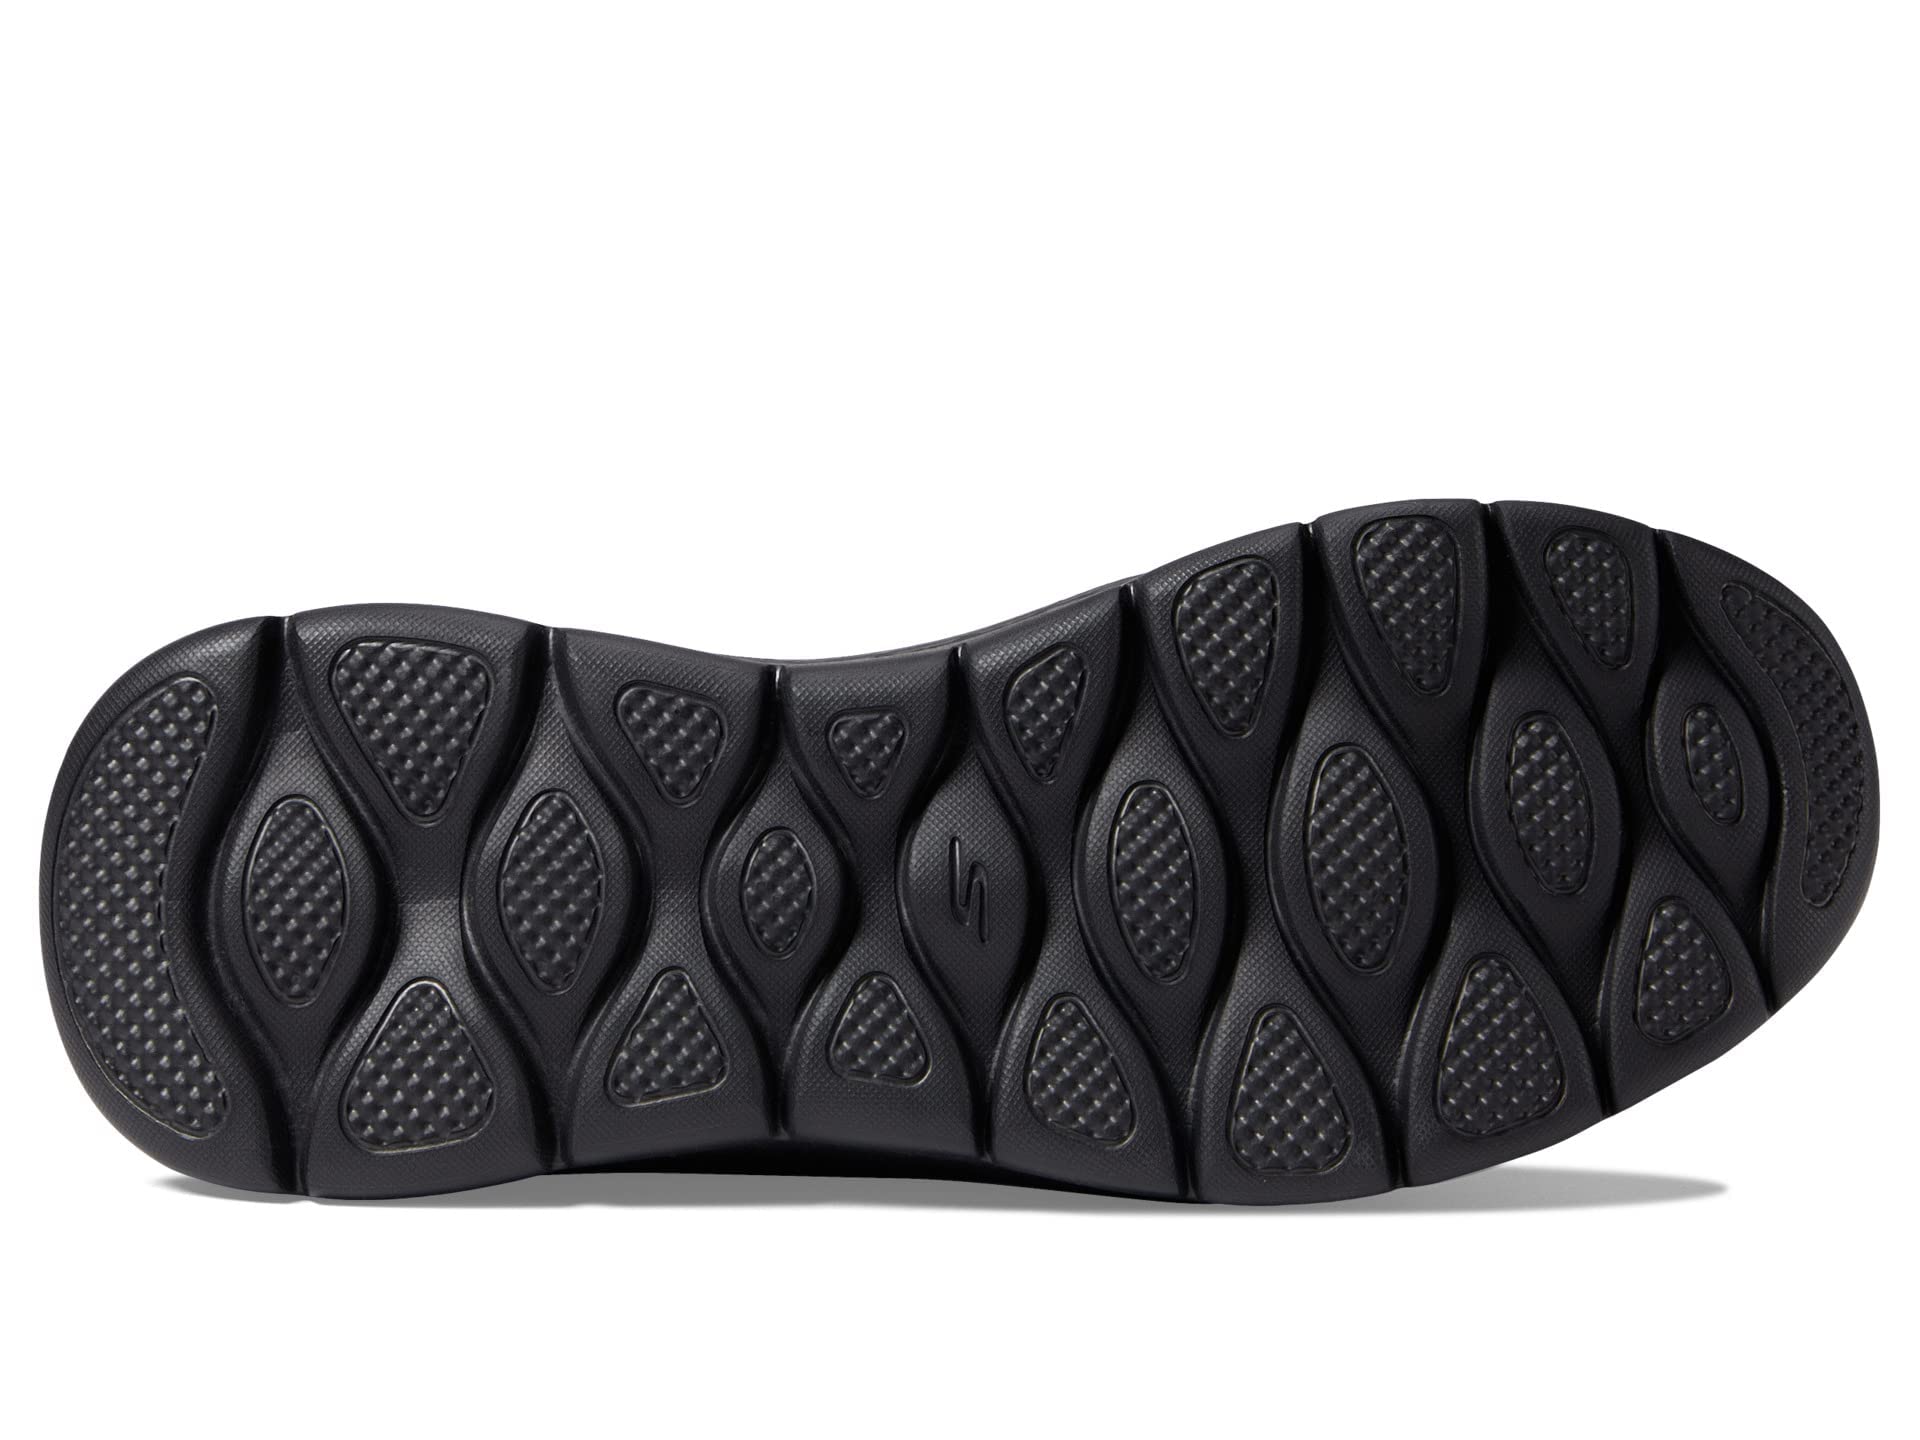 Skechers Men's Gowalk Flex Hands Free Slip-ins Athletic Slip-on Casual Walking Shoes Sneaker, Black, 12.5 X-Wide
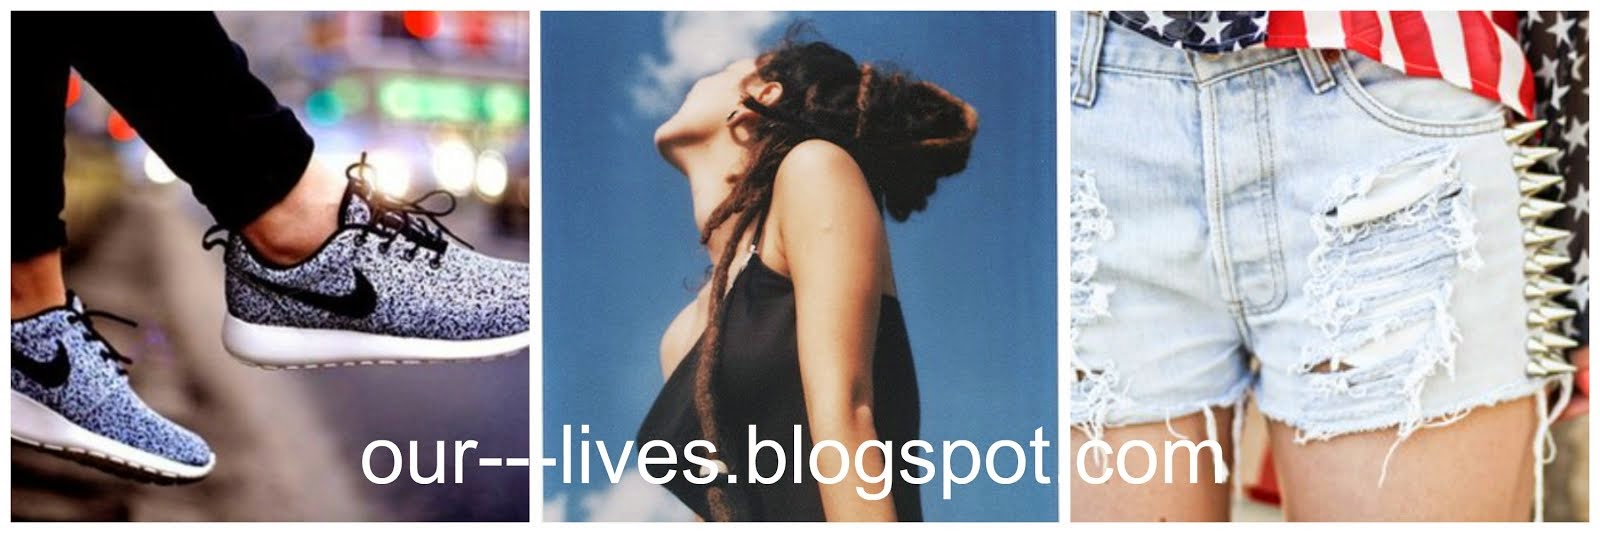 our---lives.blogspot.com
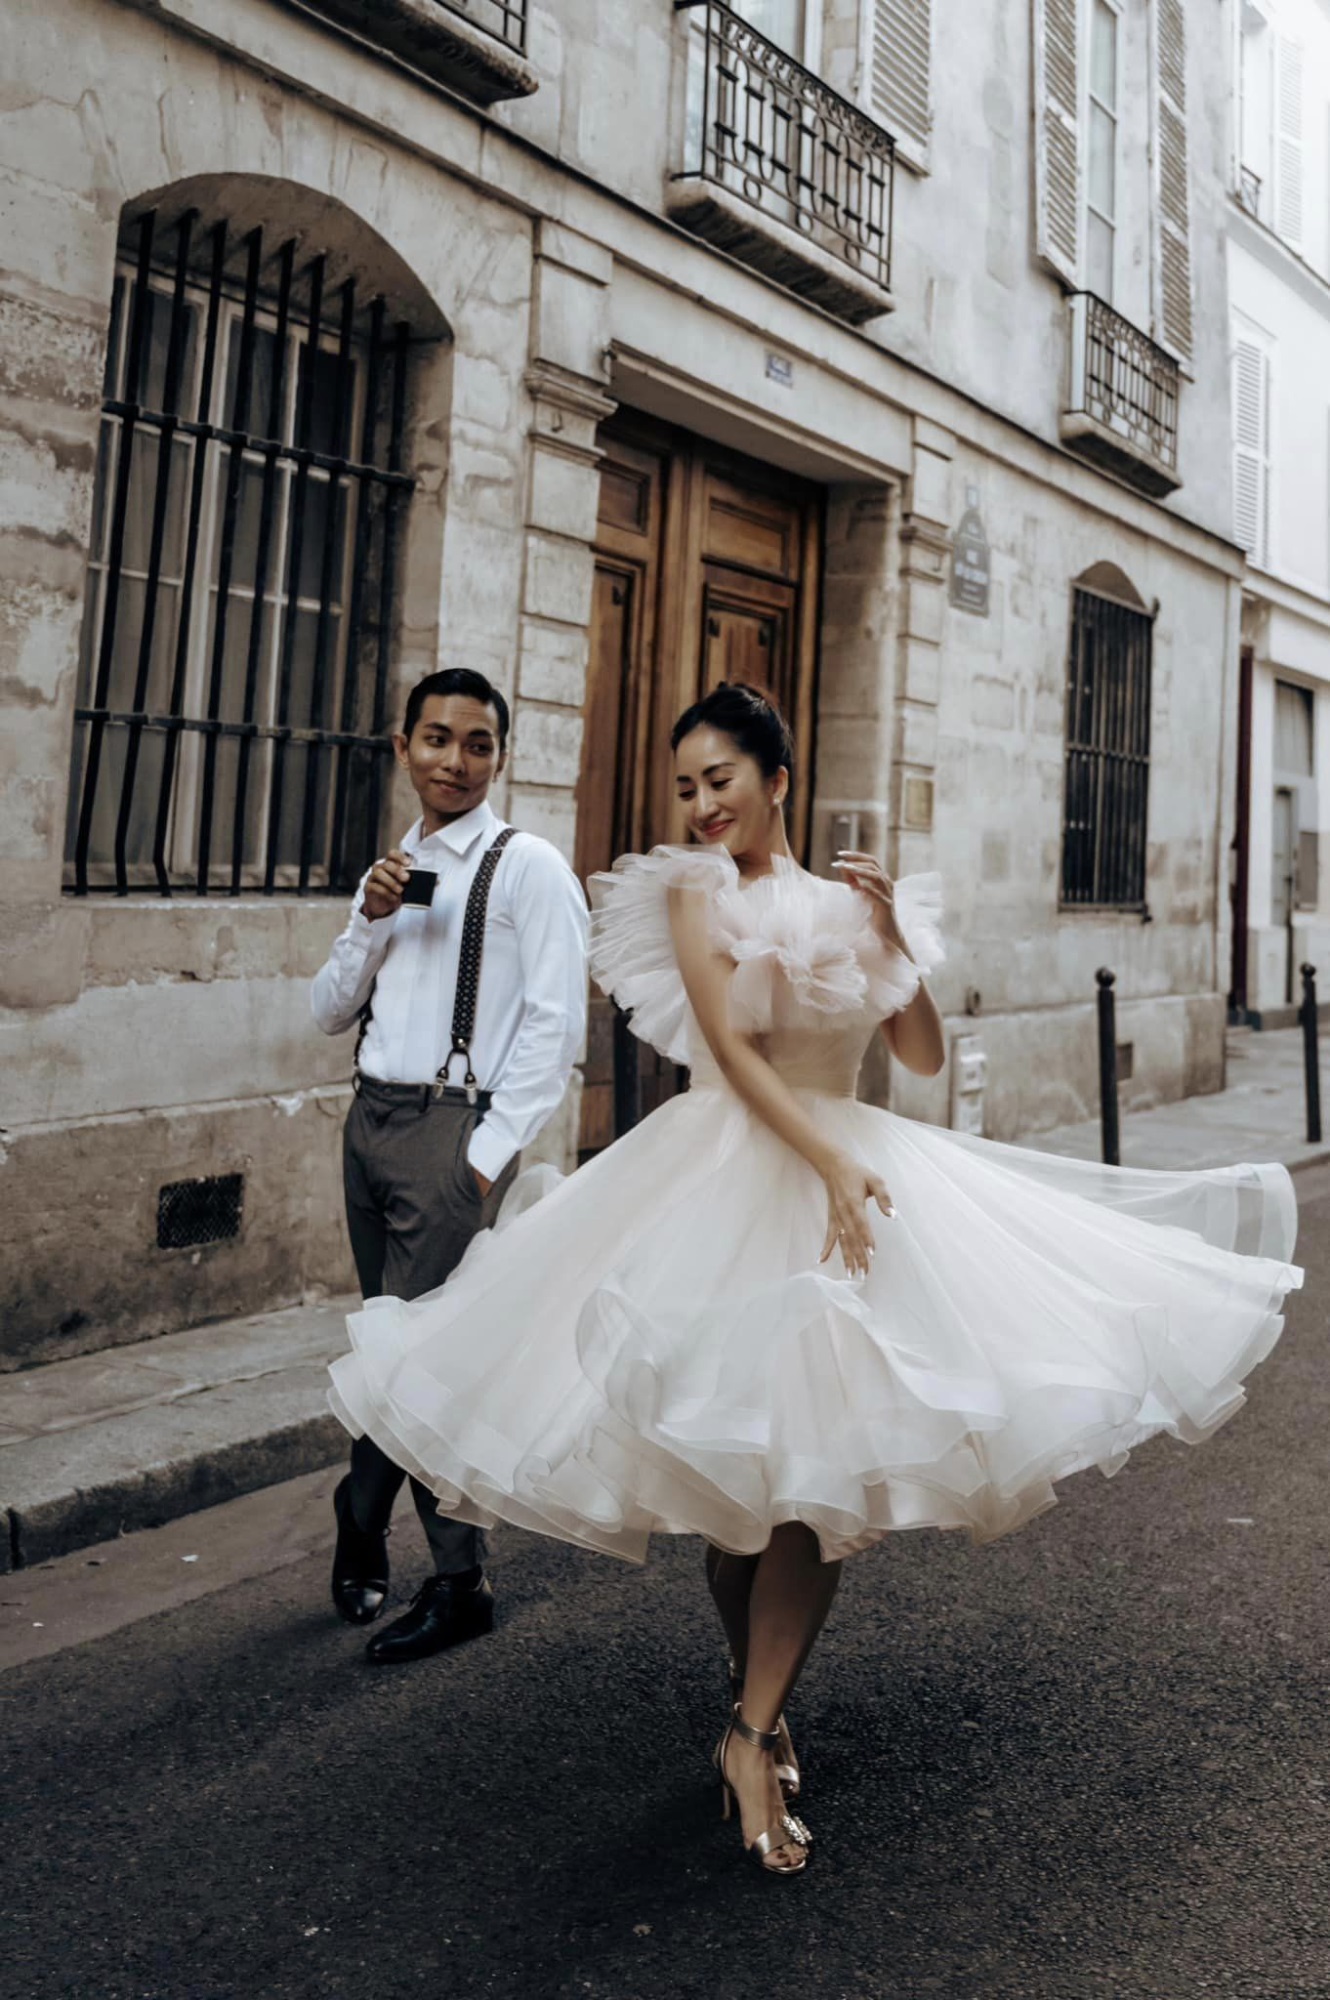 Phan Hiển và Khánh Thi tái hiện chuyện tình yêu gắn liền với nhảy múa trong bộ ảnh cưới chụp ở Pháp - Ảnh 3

→ TRY IT:
The exact lines from the one containing "our---lives.blogspot.com" through the end of the data are to be copied, with both ends kept and pictures left out.

→ RESPONSE TO THIS EXERCISE:
 our---lives.blogspot.com
 Phan Hiển và Khánh Thi tái hiện chuyện tình yêu gắn liền với nhảy múa trong bộ ảnh cưới chụp ở Pháp - Ảnh 3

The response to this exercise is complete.